In order to buy the semi-automatic Victoria printing machine, Vijay had to take out loans totaling ₹80,000. B.G. thinks Vijay made a big mistake by going to this debt. Vijay disagrees and thinks it’s an investment. It should come to no surprise to viewers that Vijay made the right decision.

The movie depicts the courtship and marriage of Vijay and his wife, Lalitha Sankeshwar (played by Siri Prahlad), who got married in 1972. Also chronicled is the birth of their first child, a son named Anand Sankeshwar, who is portrayed as an adult by Bharat Bopanna. The adult Anand is also the movie’s narrator.

It should be noted that the real-life Anand is a producer for “Vijaynand,” which is distributed by Anand’s VRL Film Productions. Therefore, the movie is very biased, which explains why some parts look fabricated for the sake of making Vijay look like he’s got extraordinary physical strength. For example, in some parts of the film, Vijay turns into an amazing action hero in fight scenes with certain villains. These fight scene are overly staged and look very phony.

Shortly after Anand’s birth in 1976, Vijay took another big risk and announced that he was leaving the family printing business to his brothers because Vijay wanted to start a new business: truck transportation. The name of the new business would be Vijayanand, a combination of Vijay’s name and Anand’s name. And once again, Vijay takes on a huge amount of debt to launch this business.

Almost everyone in Vijay’s family—including his father B.G. and mother Chandramma (played by Vinaya Prasad), also known as Chandra—think he’s making another foolish mistake. And this time, B.G. tells Vijay that he won’t bail him out financially if Vijay can’t get out of debt and the business fails.

By 1983, Vijay expands into the grocery store business, by launching Hubli market. And he makes another big decision: He moves away from his parents and siblings to focus on this new business venture. But there are major setbacks, including public backlash against Vijaynand over labor issues, a devastating warehouse fire that injured about 45 people, and negative publicity from a newspaper owned by media mogul Rama Rao (played by Prakash Belawadi), who becomes a personal enemy of Vijay.

Vijay’s reinvention as a media mogul and a member of India’s parliament are also included in this biopic. Vijay also mentors Anand and grieves when his father B.G. passes away. “Vijayanand” chronicles the highs and lows of all these endeavors. The movie doesn’t really present Vijay as saintly (he can be stubborn and ruthless), but viewers will get the sense that the movie definitely left out a lot of unflattering details about how he conducted his business and personal life.
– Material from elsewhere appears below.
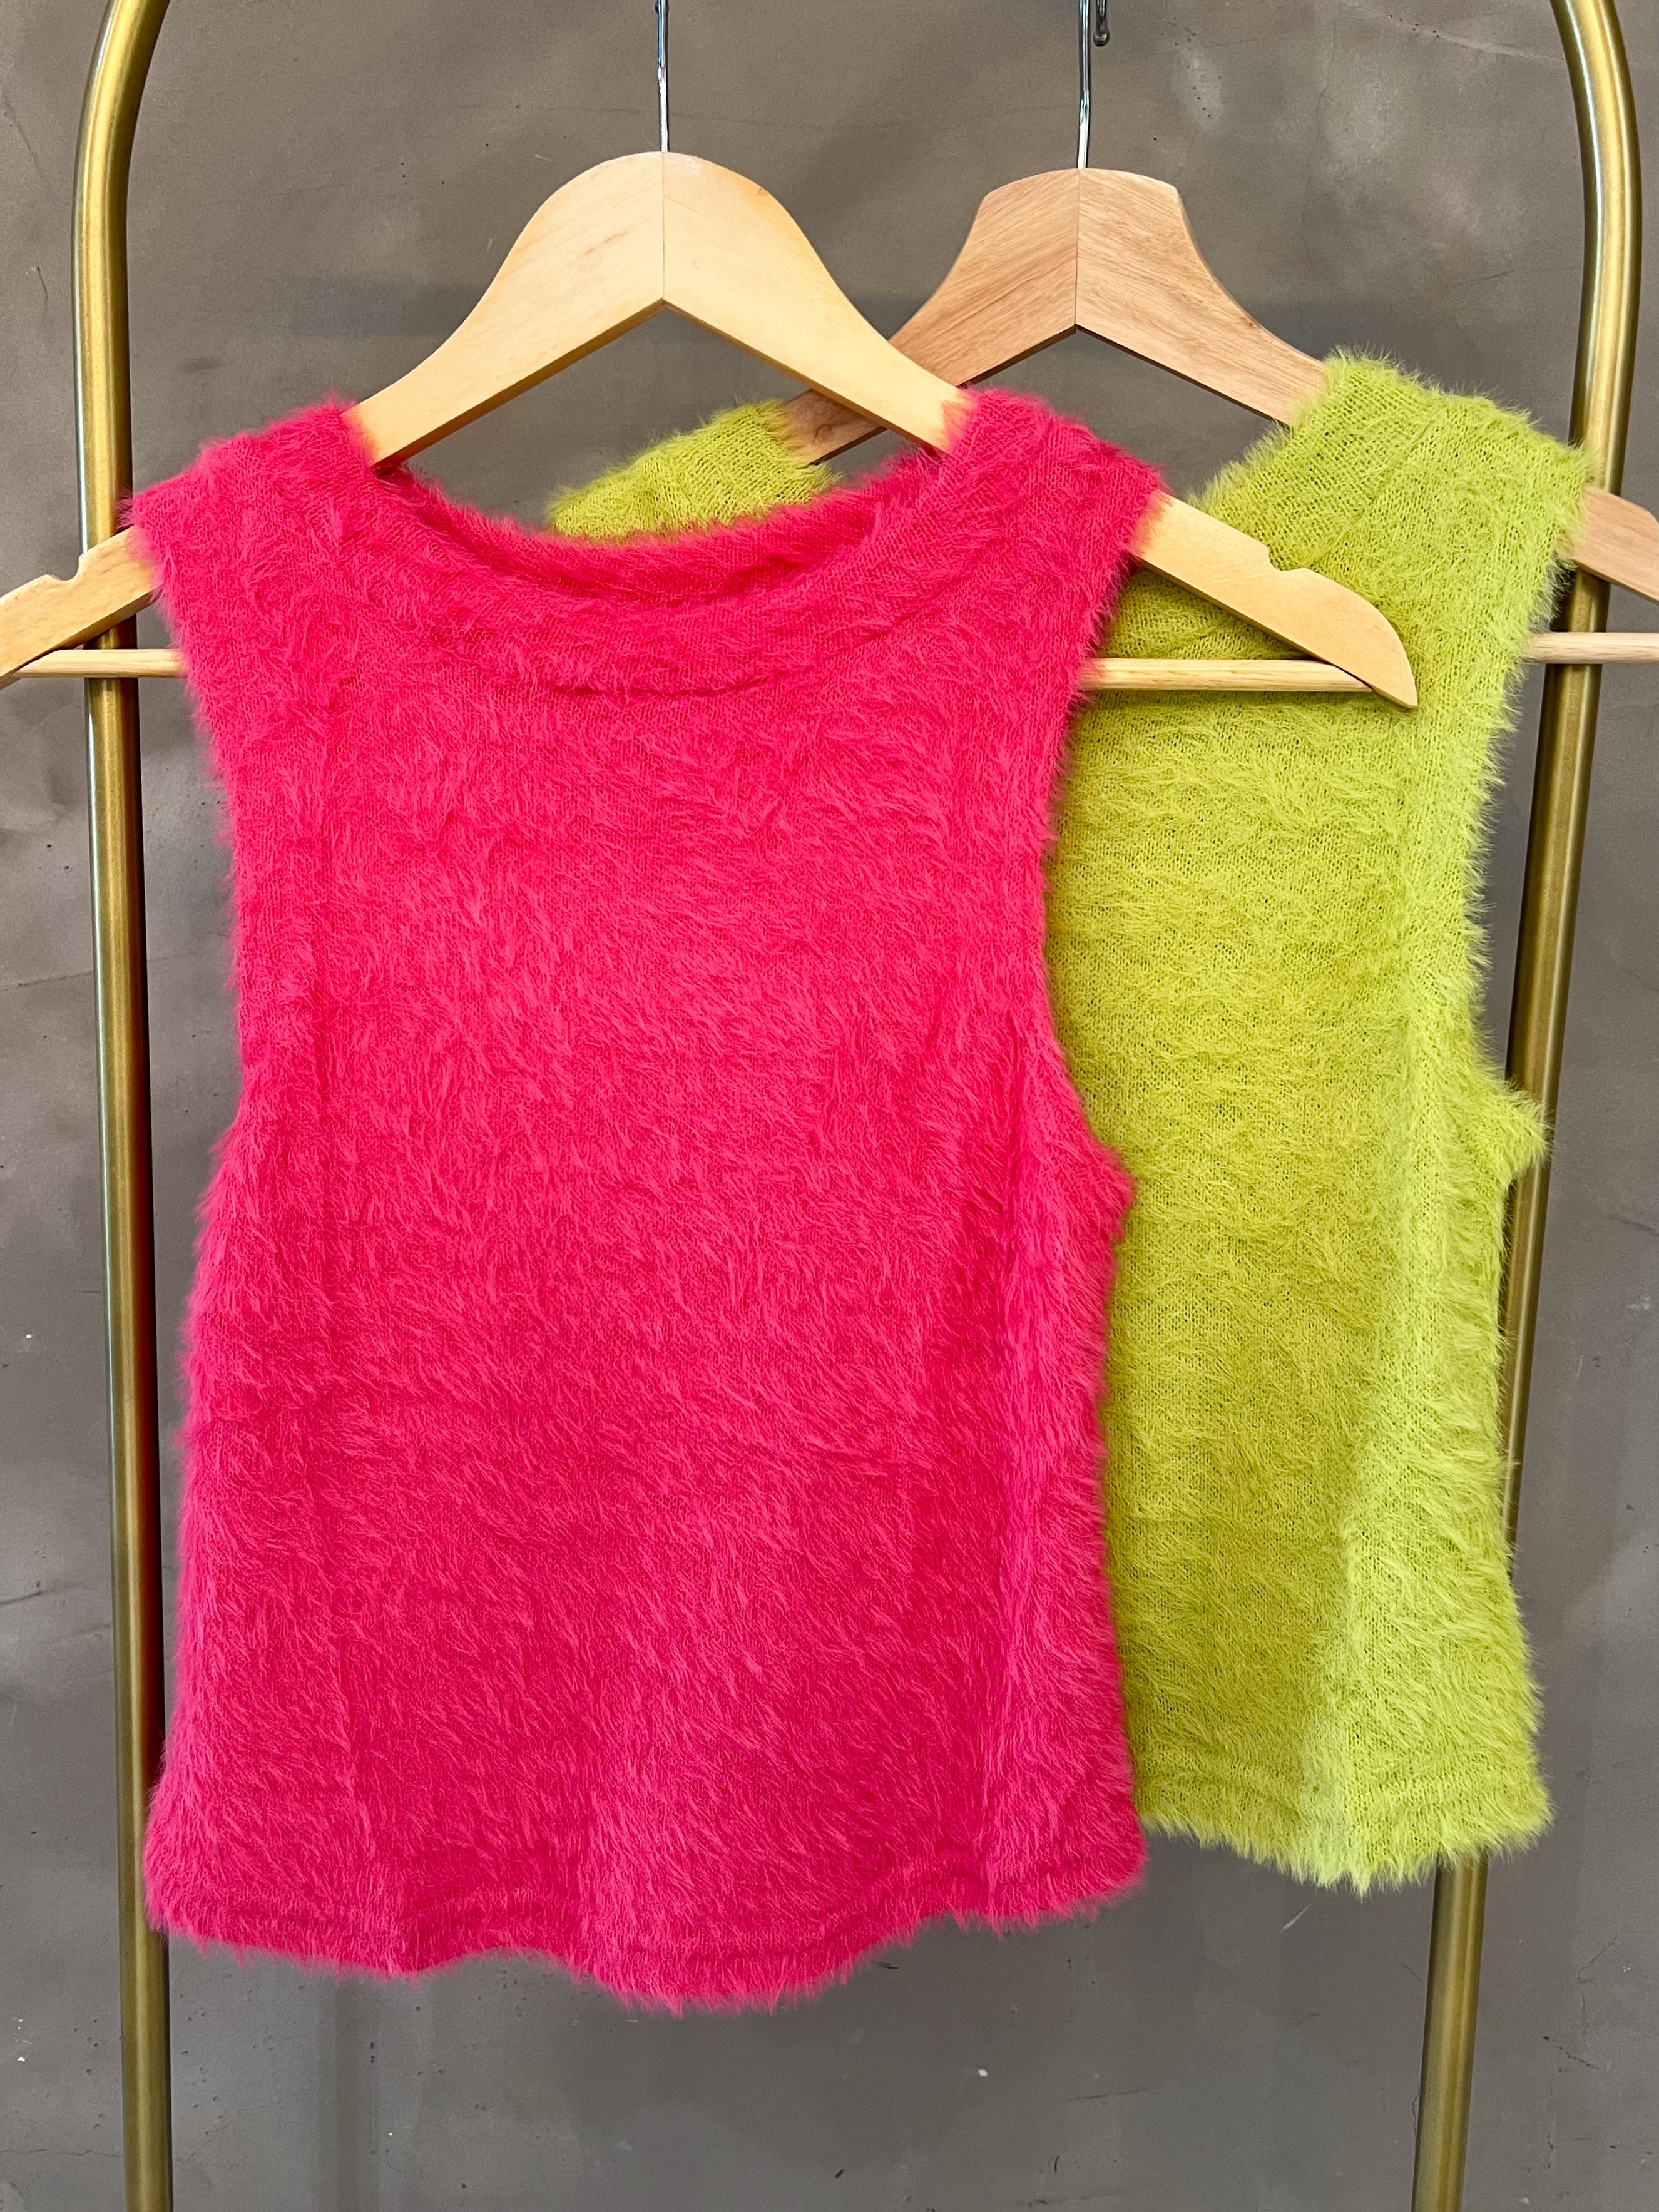 THE FUZZY BASIC TANK TOP IN HOT PINK
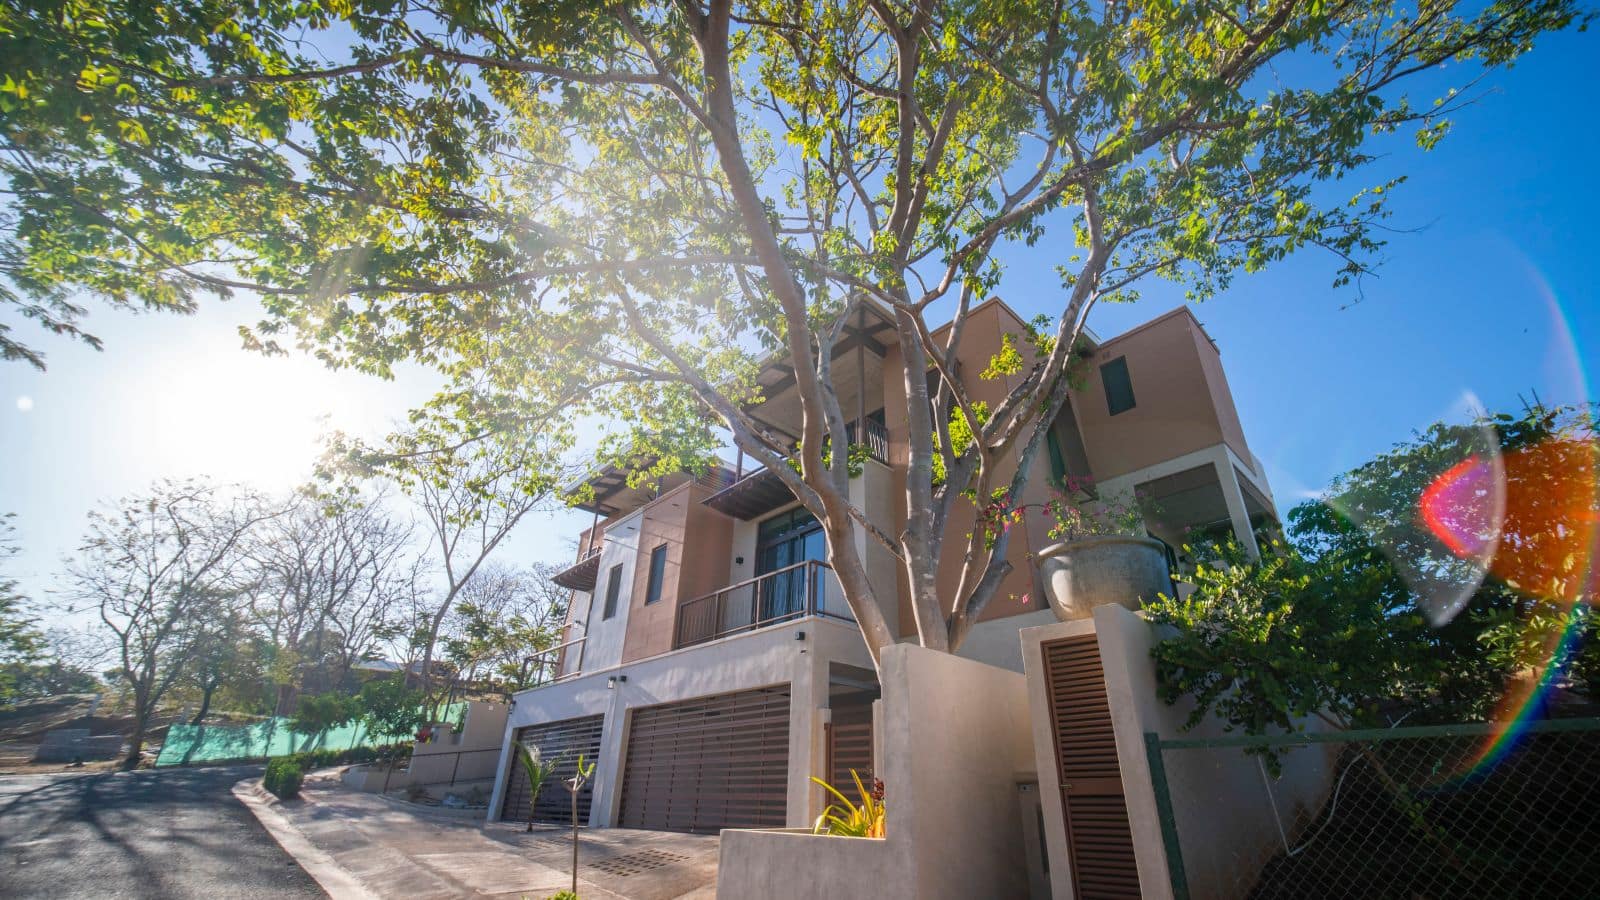 Casa Bromelia, a stunning home within Tamarindo Park, offers ocean views and embodies an eco-friendly lifestyle, making it a prime real estate investment in Costa Rica.

Being this type of hugely ambitious workaholic can put a strain on family relationships, but those issues are barely acknolwedged in the movie.

Viewers who know in advance that “Vijayanand” is a movie financed by Anand Sankeshwar will have a better idea of what to expect from this biopic. The movie has a little something for everyone: drama, some comedy, action and musical numbers. At the very least, “Vijayanand” accomplishes its goal of presenting an engaging story with good acting in depicting persistence during tough challenges.

VRL Film Productions released “Vijayanand” in select U.S. cinemas and in India on December 9, 2022.